→ **TASK TO COMPLETE**: Repeat the listing word for word. No pictures belong in the copy.

→ **GIVEN INFORMATION**:
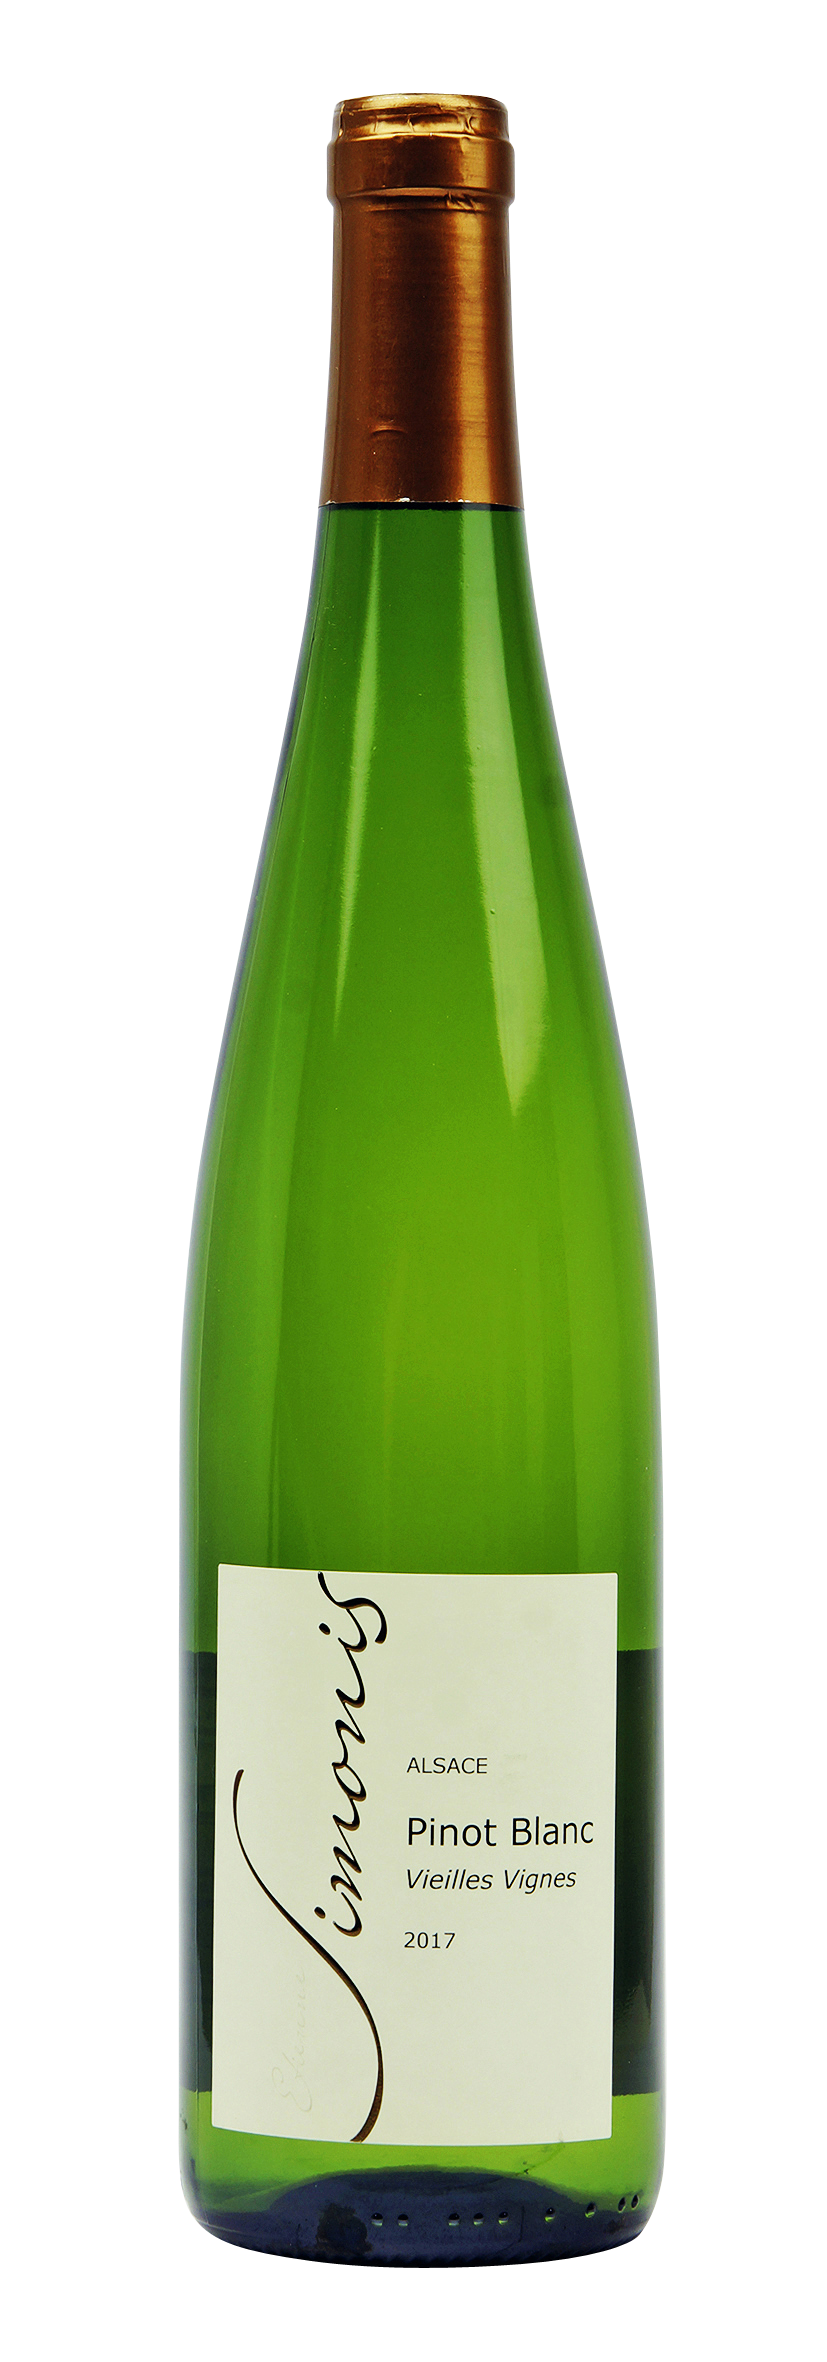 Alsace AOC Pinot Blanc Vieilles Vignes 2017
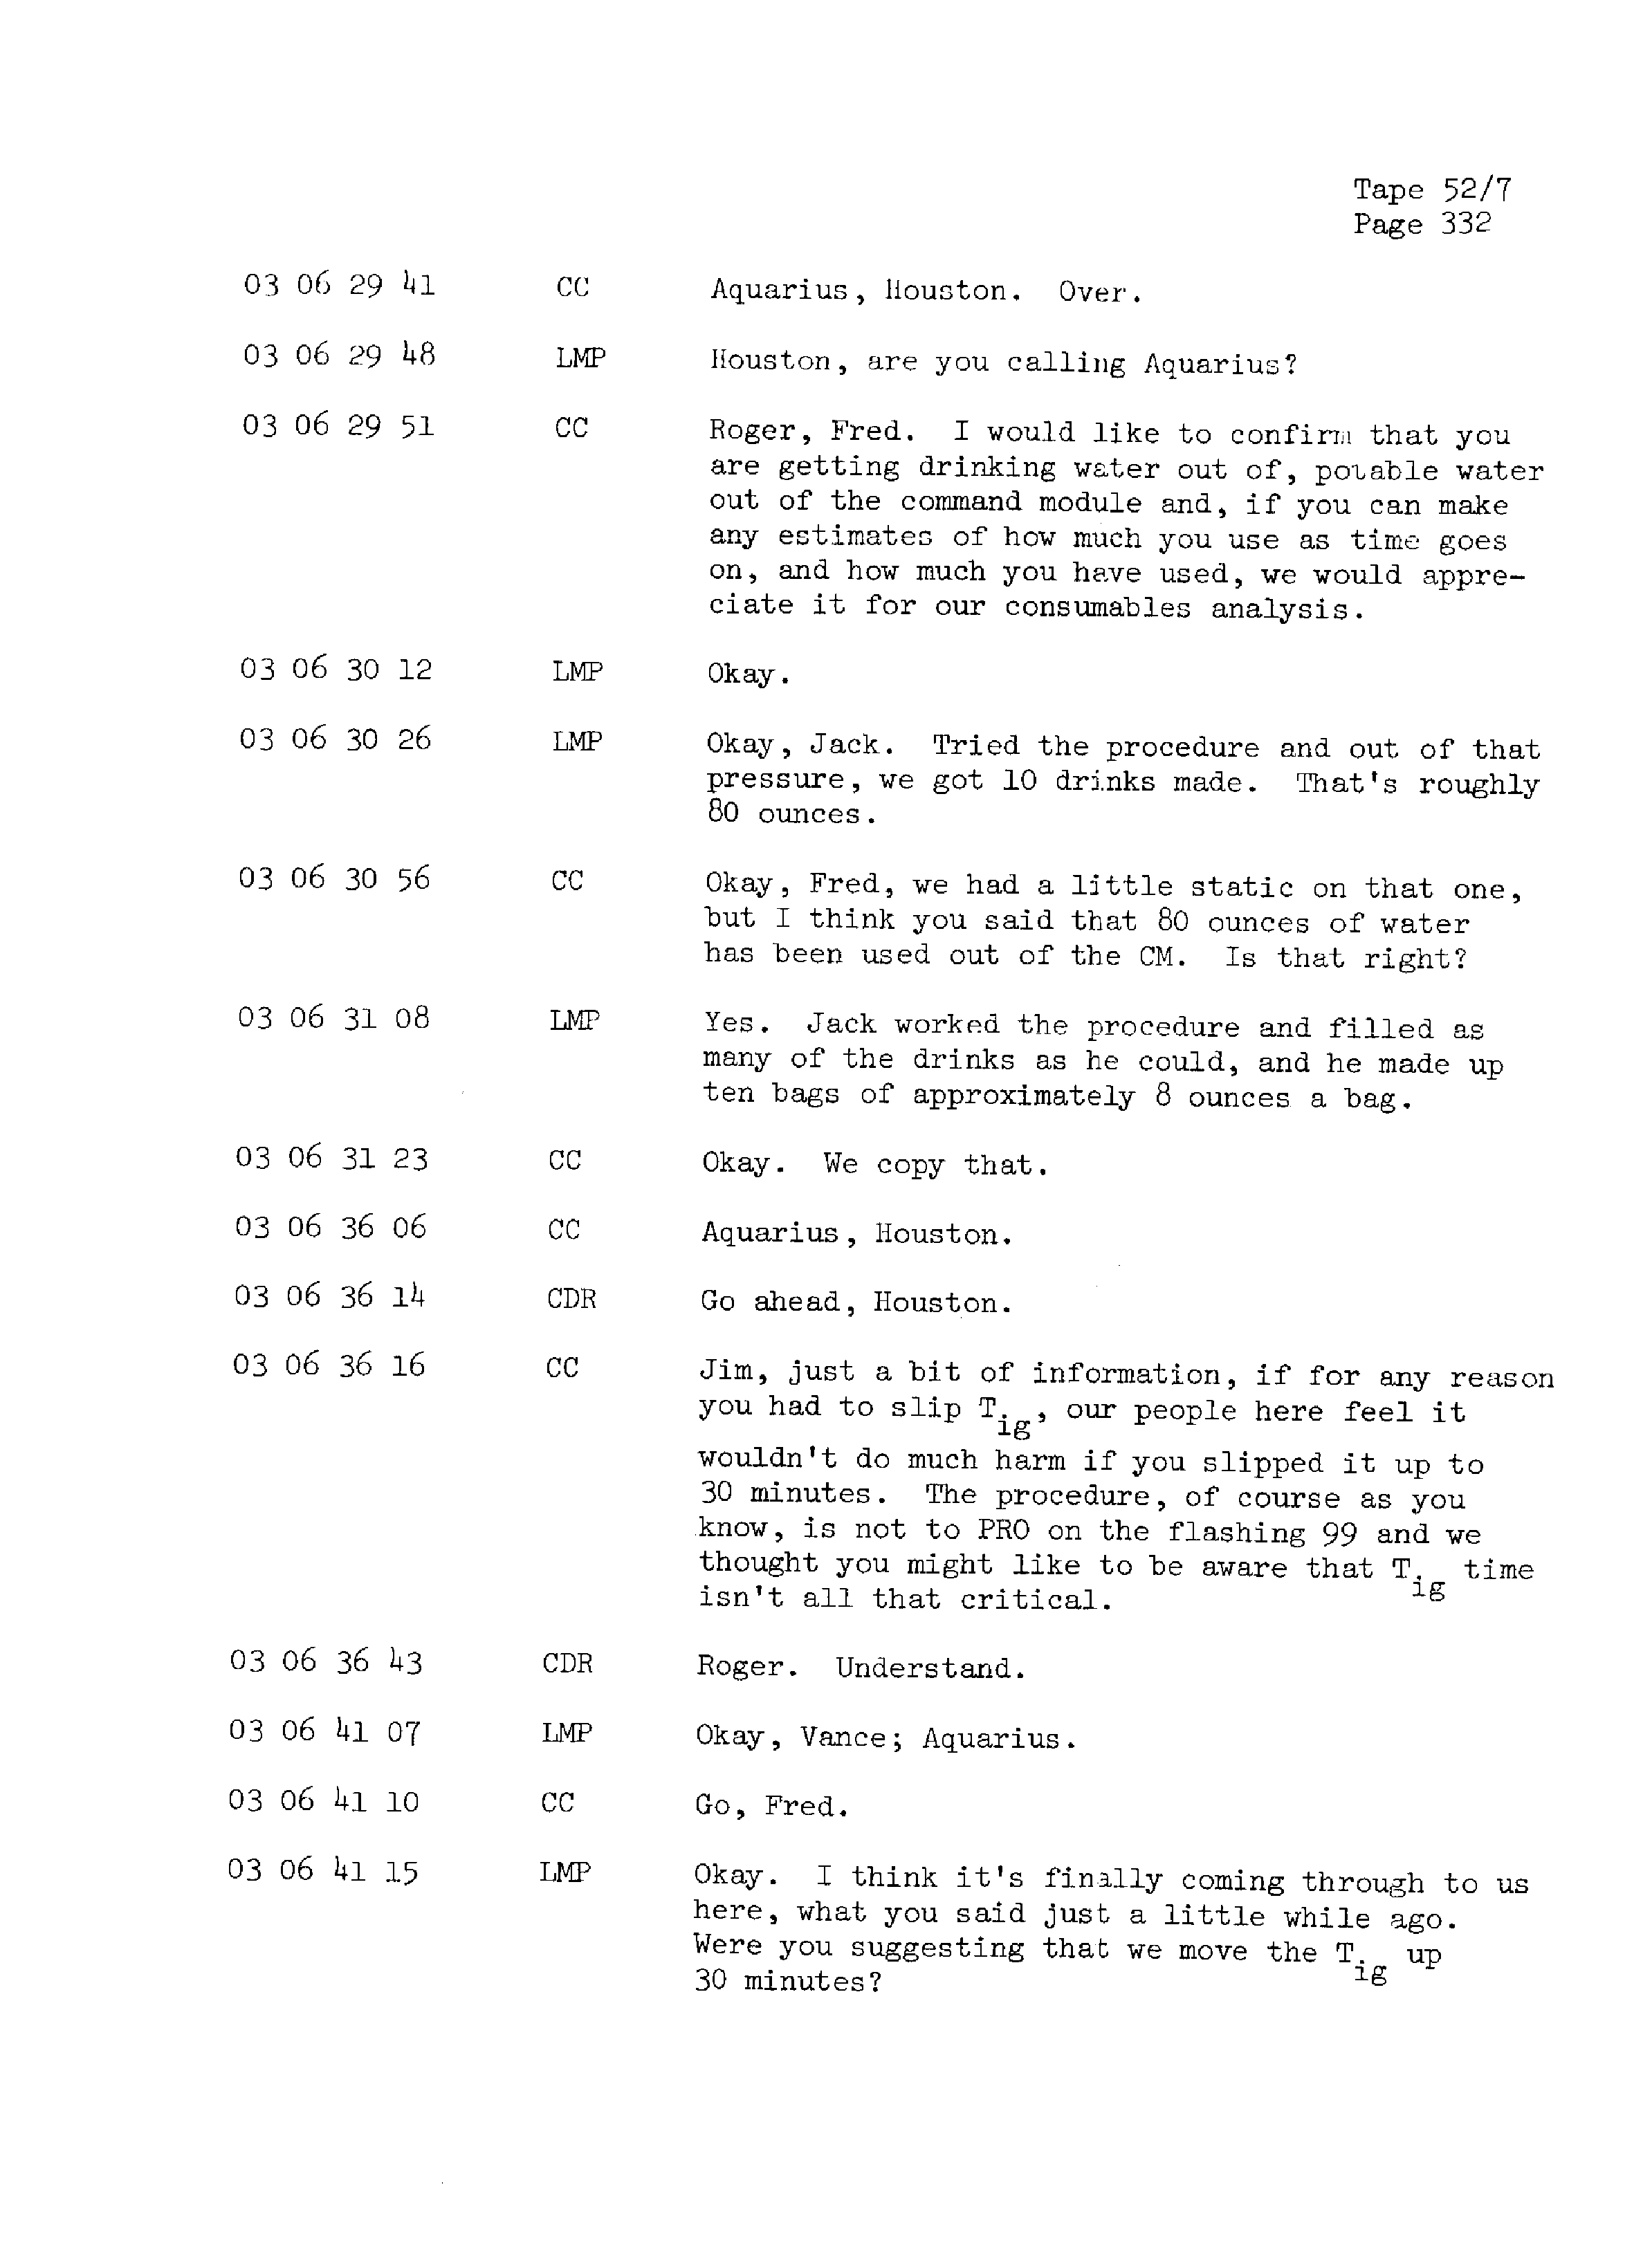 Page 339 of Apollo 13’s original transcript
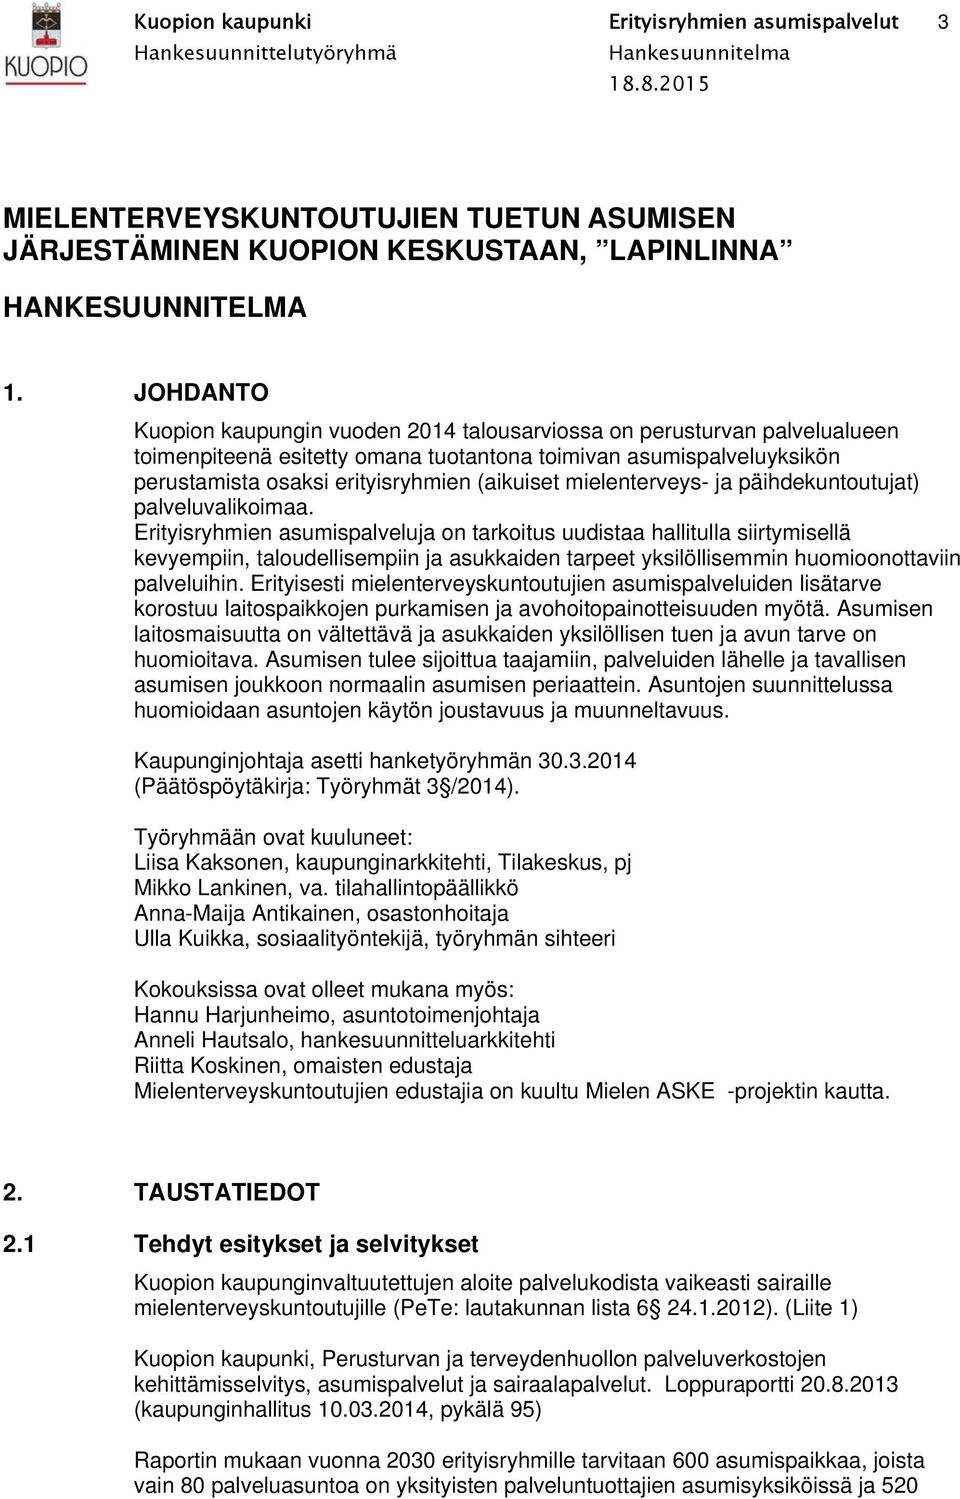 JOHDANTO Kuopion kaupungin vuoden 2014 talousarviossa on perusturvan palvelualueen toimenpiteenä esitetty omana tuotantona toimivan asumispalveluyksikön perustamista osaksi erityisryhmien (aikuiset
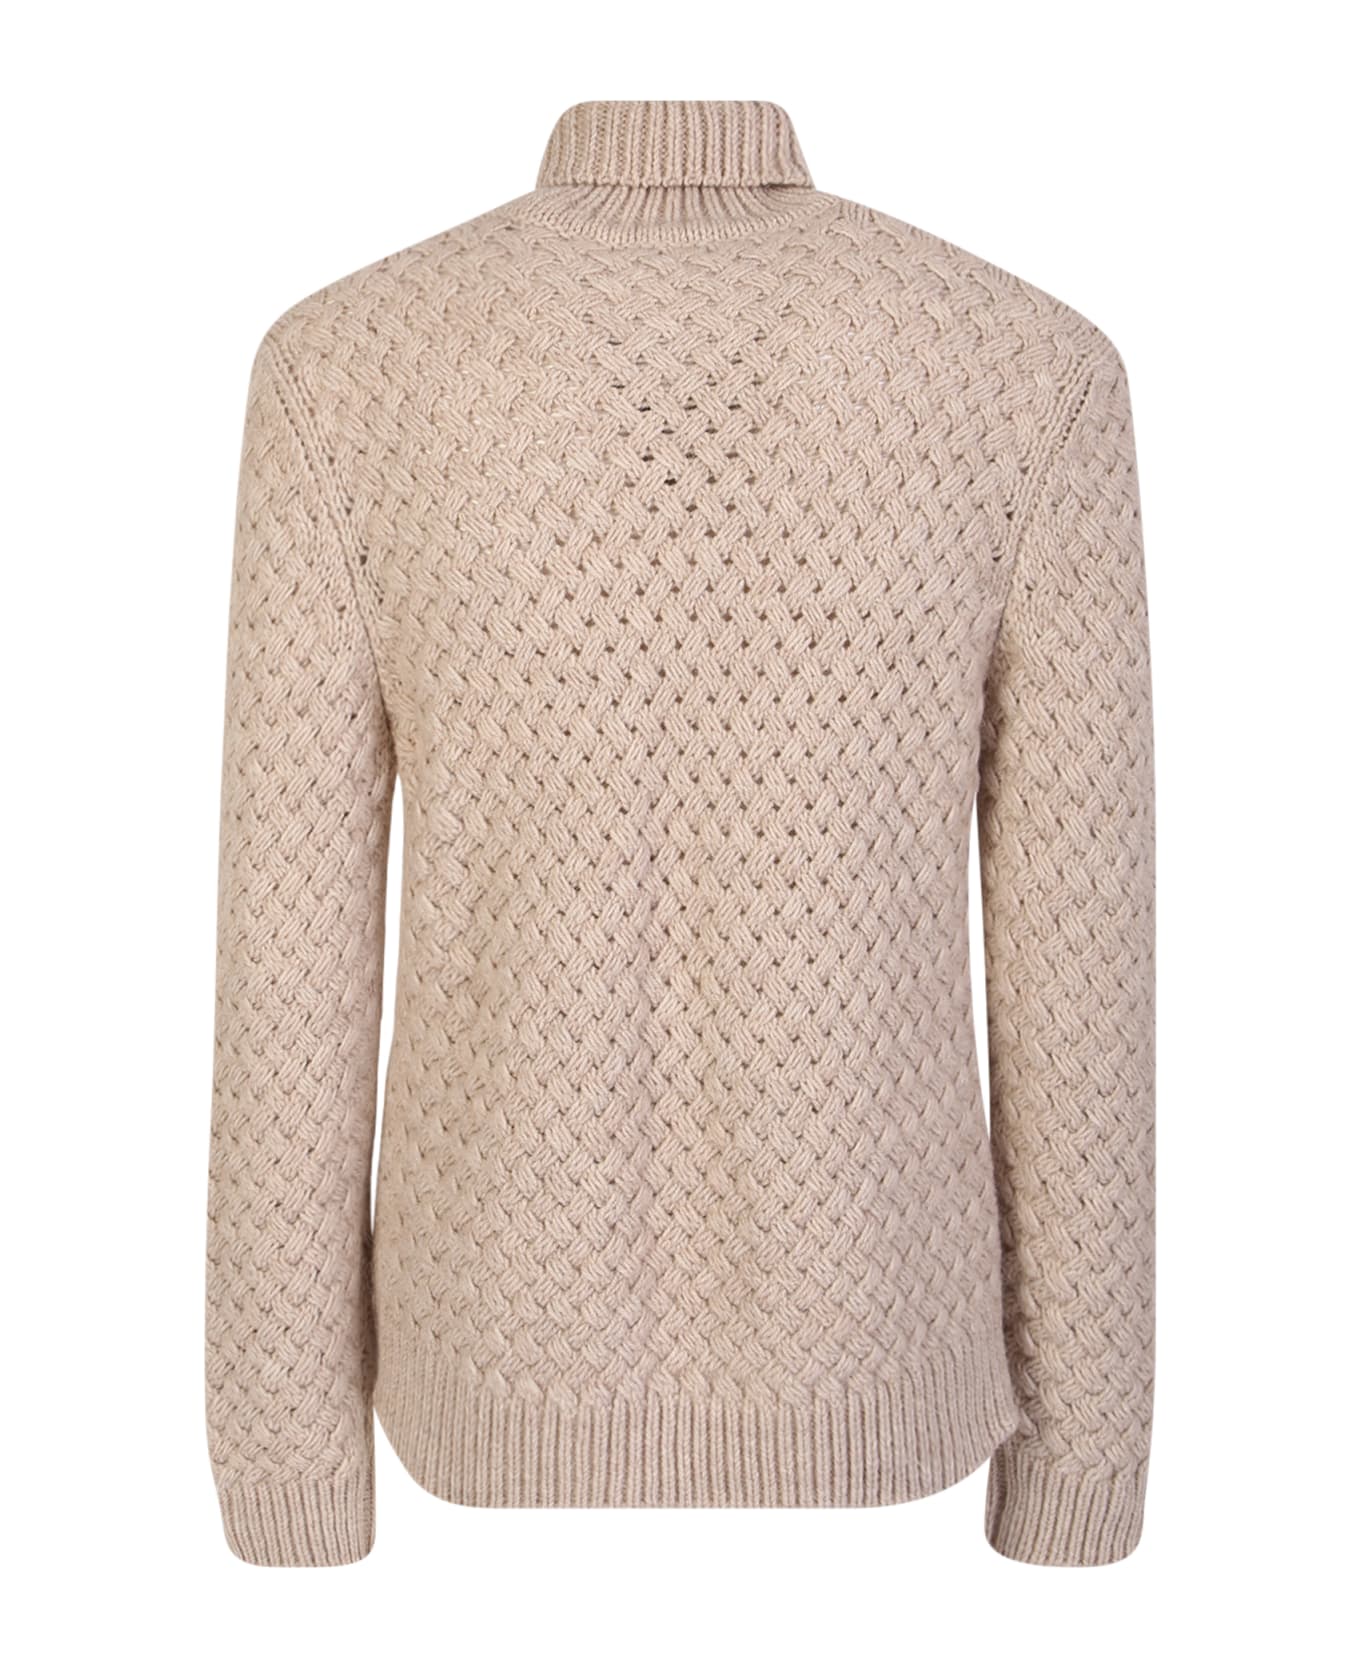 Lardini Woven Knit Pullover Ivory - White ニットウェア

→ **EXERCISE OUTPUT**:
 Alsace AOC Pinot Blanc Vieilles Vignes 2017
 Page 339 of Apollo 13’s original transcript
 JOHDANTO Kuopion kaupungin vuoden 2014 talousarviossa on perusturvan palvelualueen toimenpiteenä esitetty omana tuotantona toimivan asumispalveluyksikön perustamista osaksi erityisryhmien (aikuiset
 Lardini Woven Knit Pullover Ivory - White ニットウェア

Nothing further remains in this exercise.